Under the current system, the longer school employees stay on the job, the larger their guaranteed monthly pension payments become. In addition, the current teacher tenure law prohibits reducing any teacher's pay individually, regardless of their performance. It also discourages schools from removing ineffective teachers by creating an expensive and time-consuming dismissal procedure draped in red tape. This makes it easier to keep paying a tenured but ineffective teacher rather than hiring a new one. 

Thus, teacher compensation is based on two things and two things only — longevity and academic credentials in the form of college credits and degrees. This creates no external incentives for teachers to improve their performance, since pay automatically climbs the more years they stay on the job.

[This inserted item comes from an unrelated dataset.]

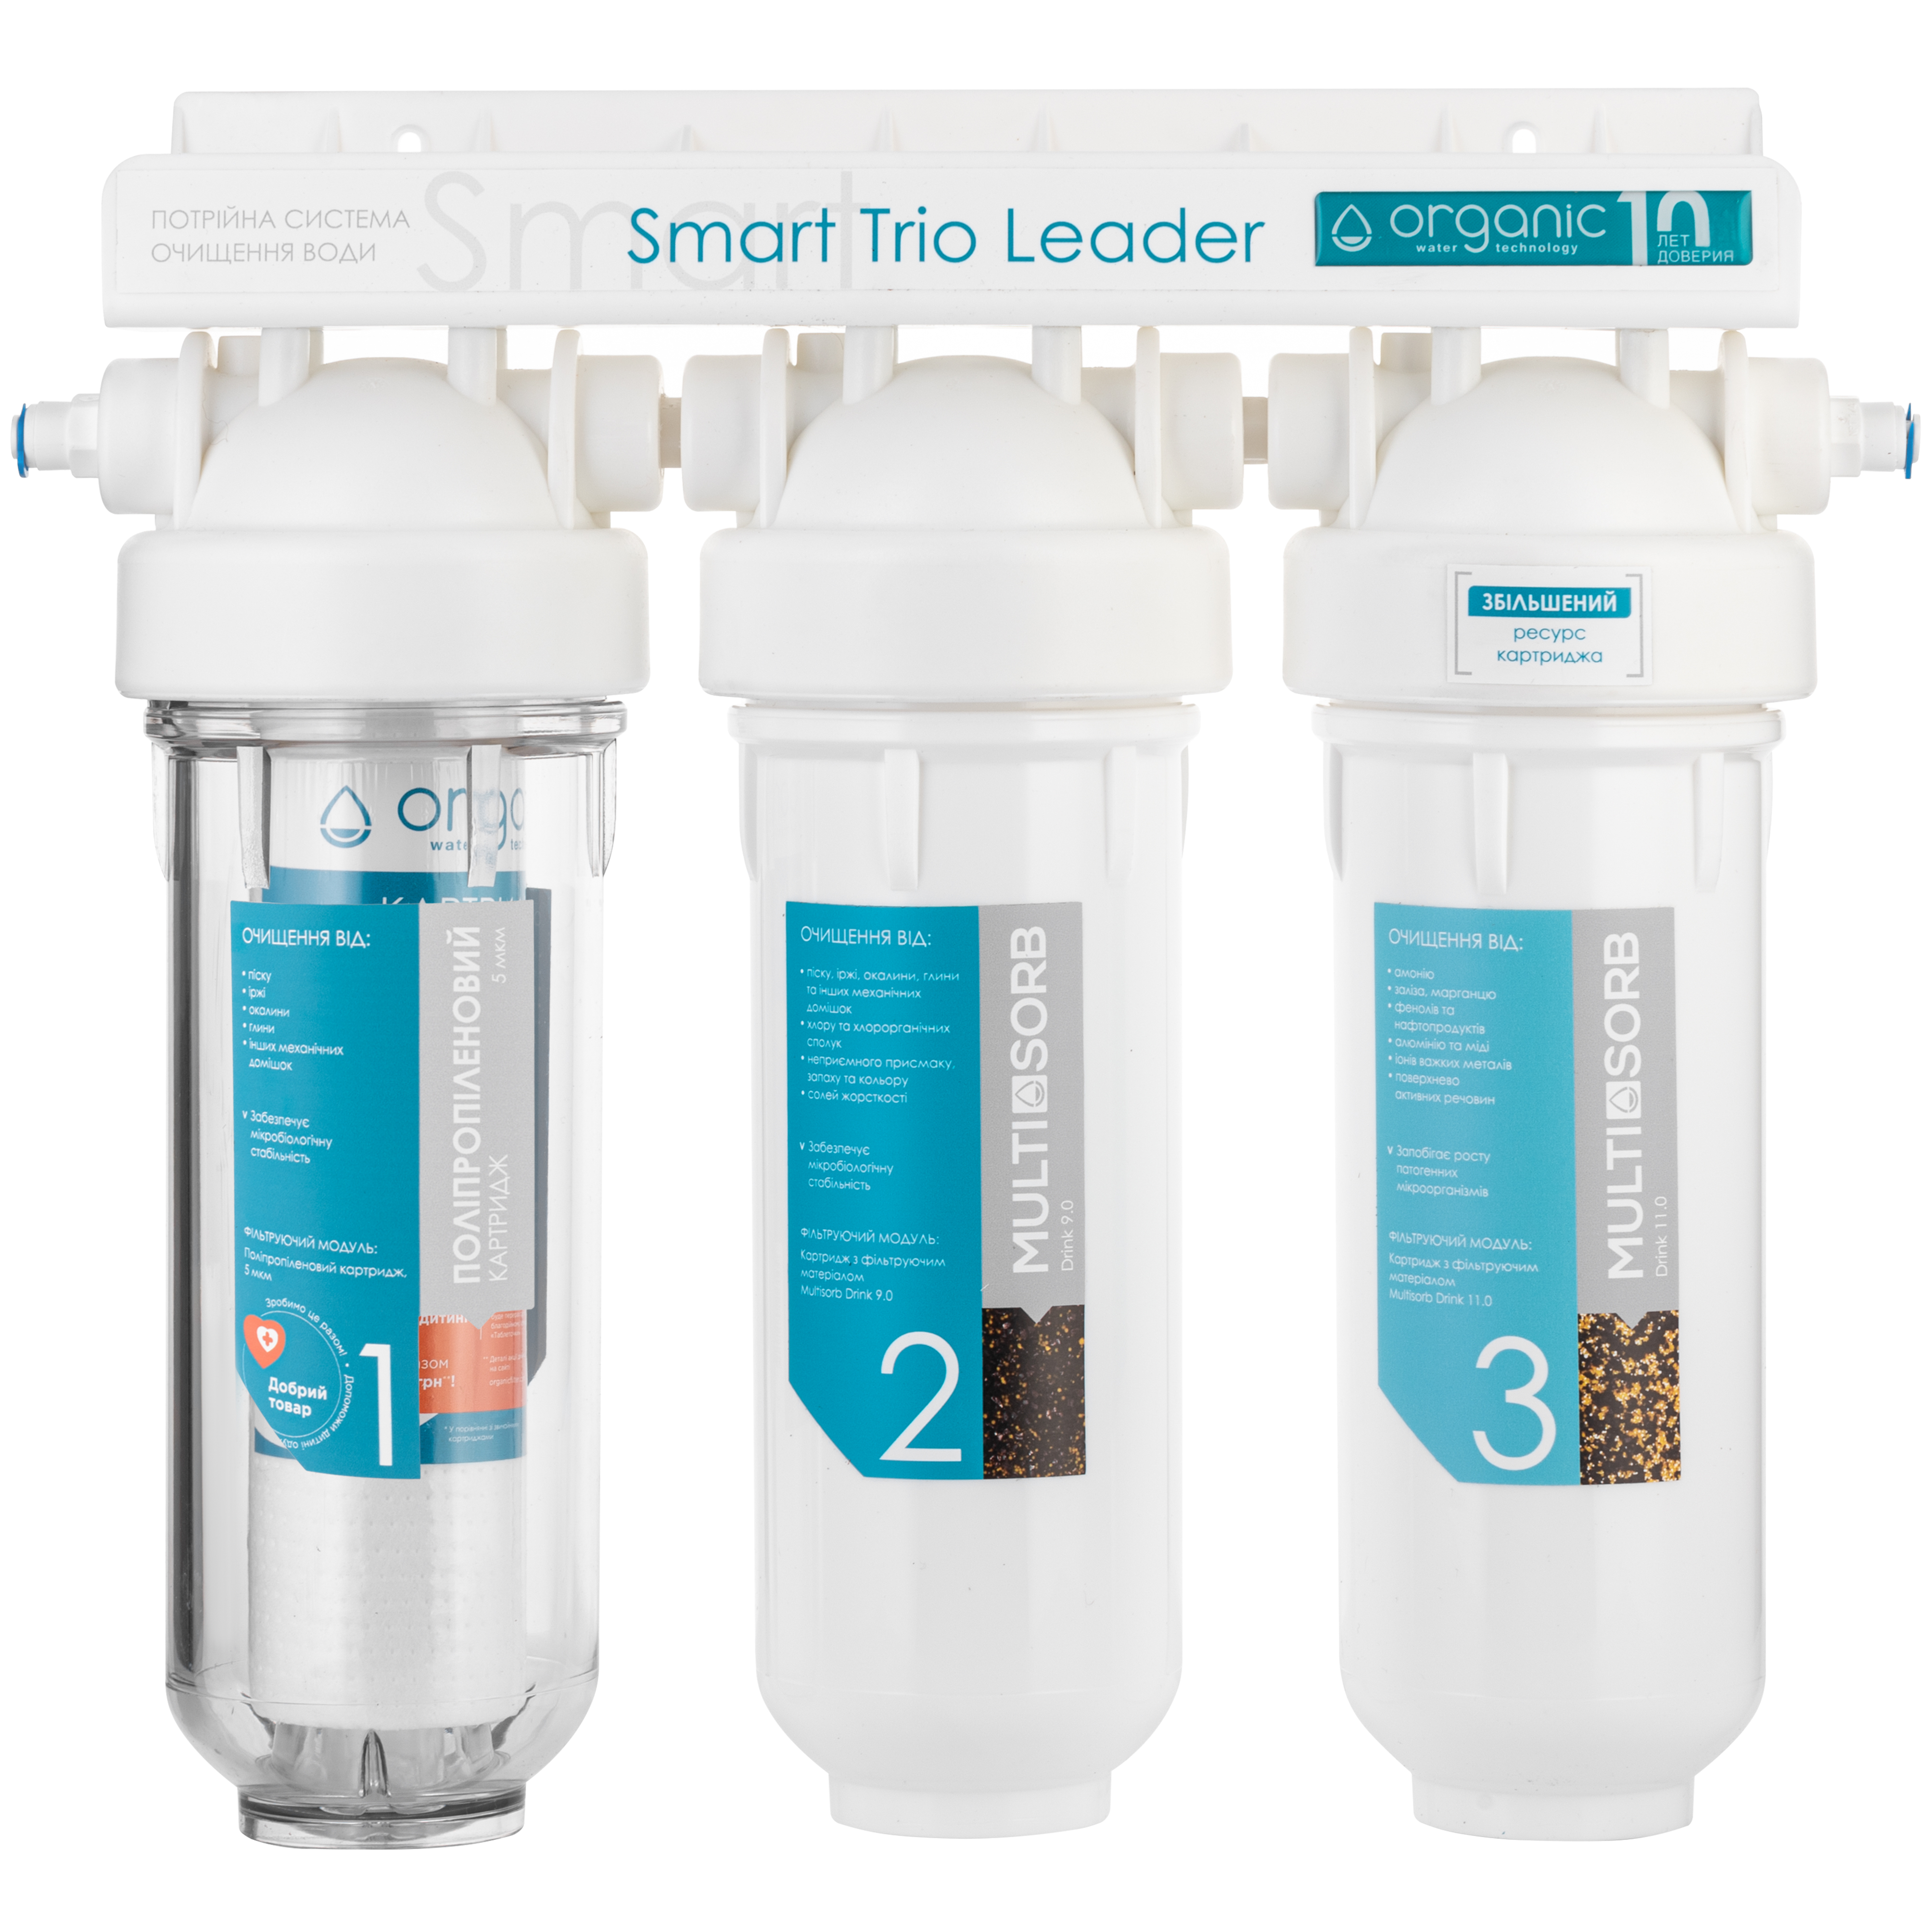 Фильтр для воды Organic Smart TRIO LEADER в интернет-магазине, главное фото

Compounding these poorly aligned incentives, a "first-hired-last-fired" seniority system automatically protects teachers based strictly on their years of experience from staffing reductions that naturally arise due to declining enrollment. It creates a contractual obligation for school districts to keep their most expensive employees.

For teachers of retirement age, the trifecta of the single salary schedule, seniority and tenure create one of the most secure jobs in any profession. Top these jobs off with extravagant health insurance benefits and protection from a politically powerful employee union, and it really is little wonder why Michigan has to offer extra cash incentives to encourage teachers to retire.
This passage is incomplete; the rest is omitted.